Read Tiger, Tiger Tiger, Tiger Page 6


  Marcus was overjoyed by the news. Aurelia was not.

  She took her reluctance to her mother.

  “Mata, I don't want to go to the circus, but Pata says I am to go on my birthday, whether I want to or not.”

  Her mother drew her into her lap. “What your father says, must be, cam,” she said tenderly. “Oh, I know. You think the circus cruel. Well, just between us, so it is, but that is what keeps the people entertained.”

  Aurelia frowned. “I don't understand why all that fighting and killing makes people happy. It should make them disgusted!”

  Her mother smiled. “It should, perhaps, but it doesn't. People are bloodthirsty. It's the nature of simple folk. Blood excites them, and they love to be excited. It takes them out of their boring lives.”

  “But we are not simple folk! Why do people like us enjoy the games? Pata loves the circus! It's not just because it's popular that he puts the spectacles on and goes to them, he likes them himself. I've heard him talking about what he's seen, and he gloats just like Marcus about the killing.”

  Her mother looked about hastily and put her finger to her lips.

  “Shhhh, cara! Don't criticize your father, or say belittling things about him! He is Caesar, and Caesar must not be questioned or spoken of disrespectfully! Your father shares in the people's tastes so that he will know how best to satisfy them.”

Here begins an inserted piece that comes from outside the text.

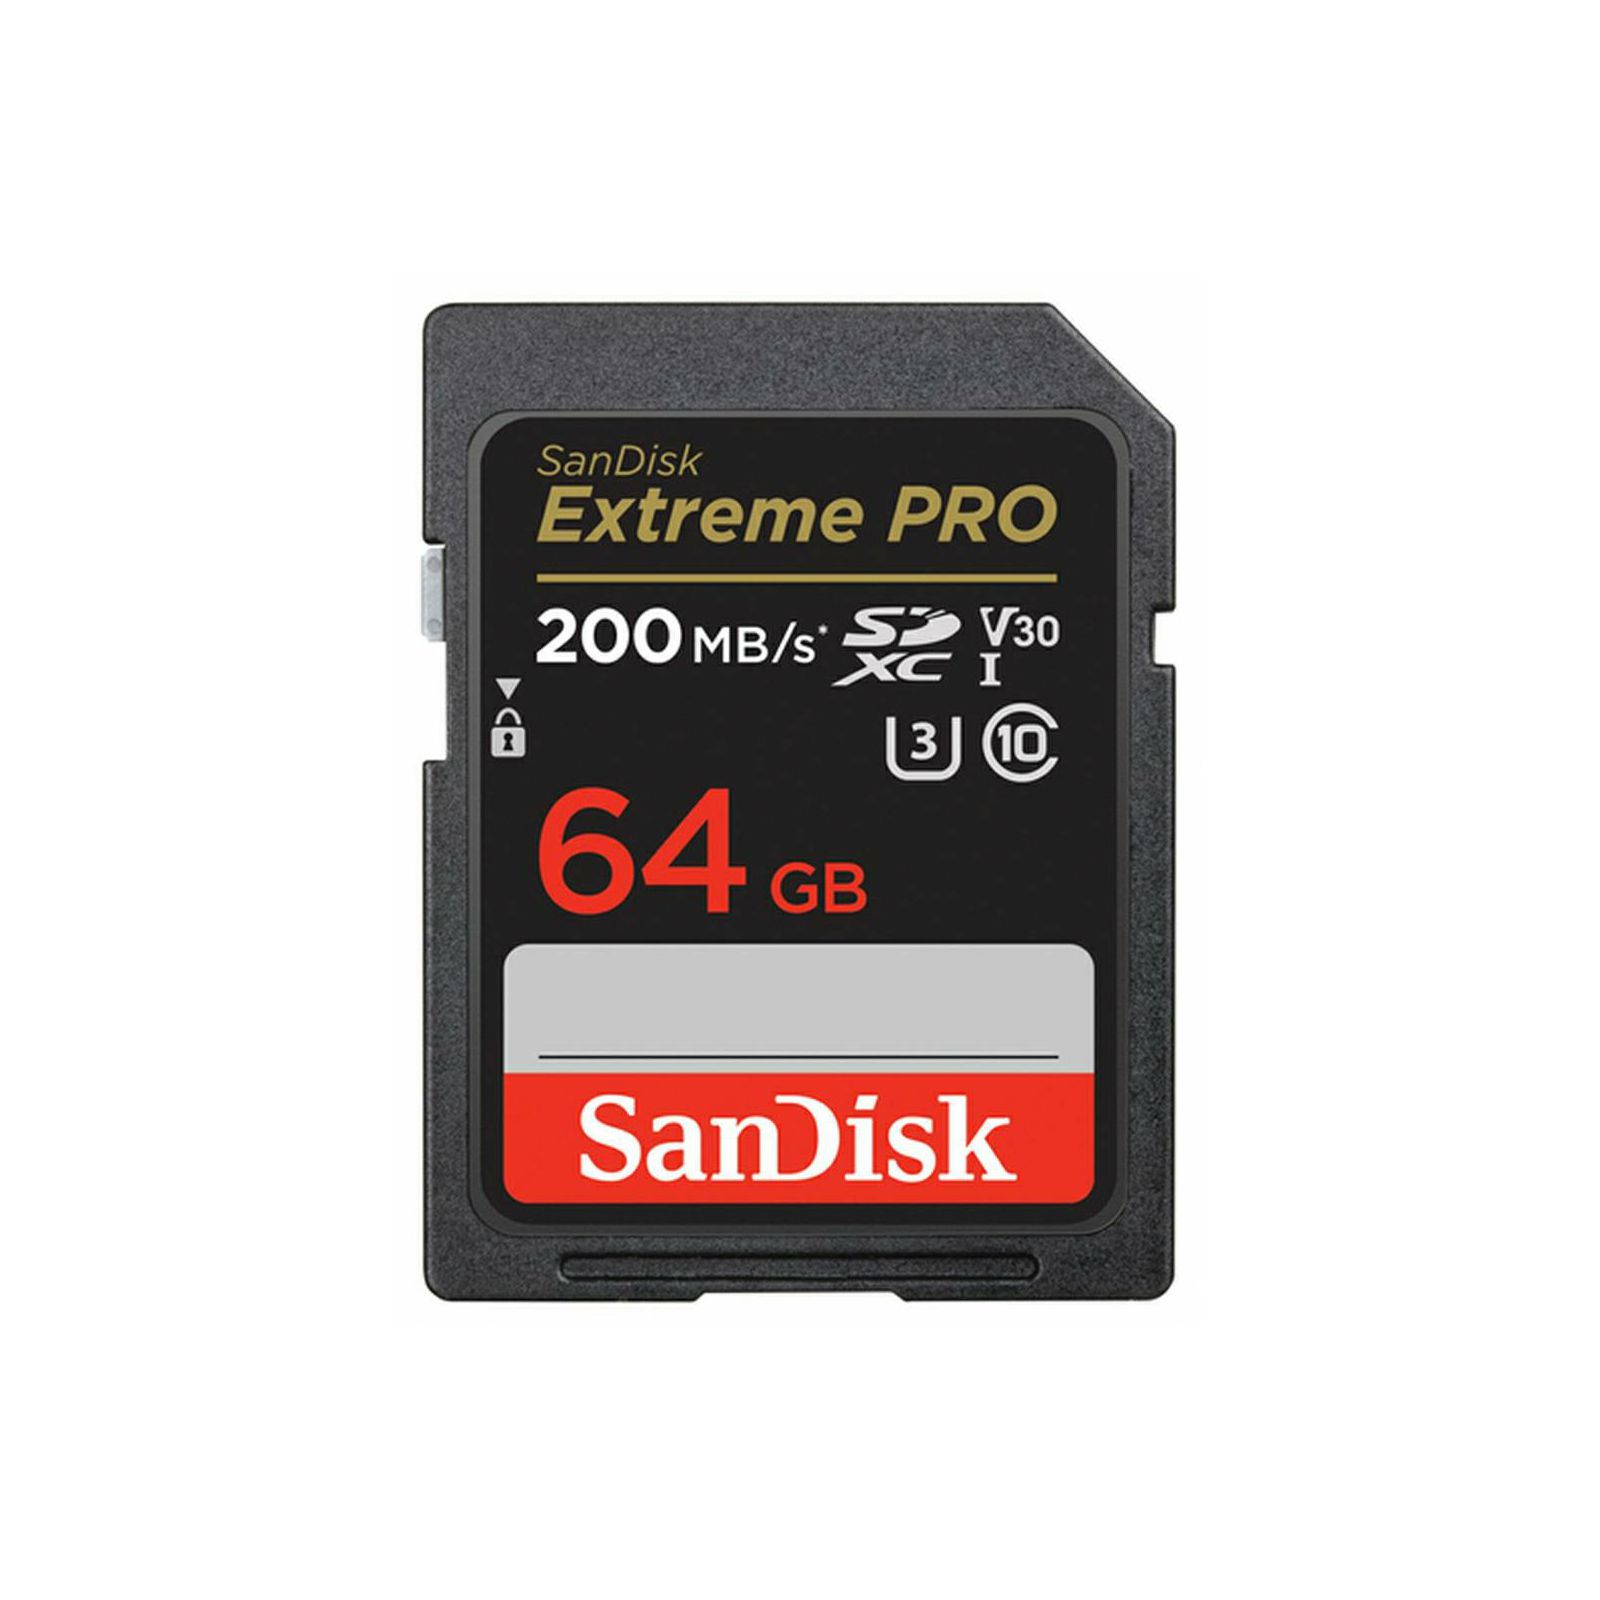 SanDisk SD 64GB 200MB/s Extreme Pro V30 UHS-I U3 memorijska kartica (SDSDXXU-064G-GN4IN)
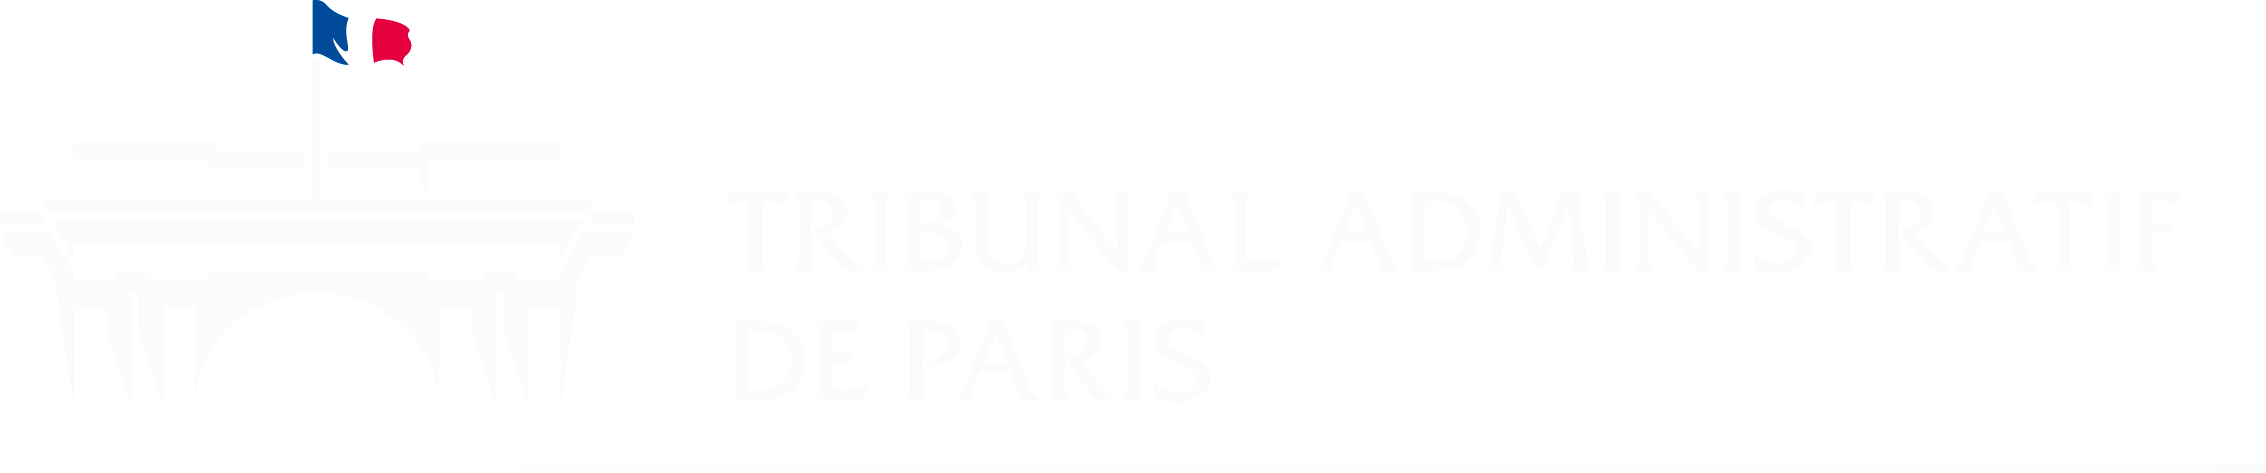 Tribunal administratif de Paris - Retour à l'accueil

  Aurelia sighed deeply. “So, I must go?”

  Her mother nodded. Then she bent her head to whisper in her daughter's ear.

  “When it gets too ugly, just close your eyes,” she said. “But don't turn away or cover your face. Appear to stare at the arena boldly. Pretend to look. Pull your païïa forward to shield your face. You can shut a lot of the worst of it out like that.”

  “It's a pity we have no ear-lids,” said Aurelia. “I'm sure the sounds must be as horrible as the sights, and I can't shut them out.”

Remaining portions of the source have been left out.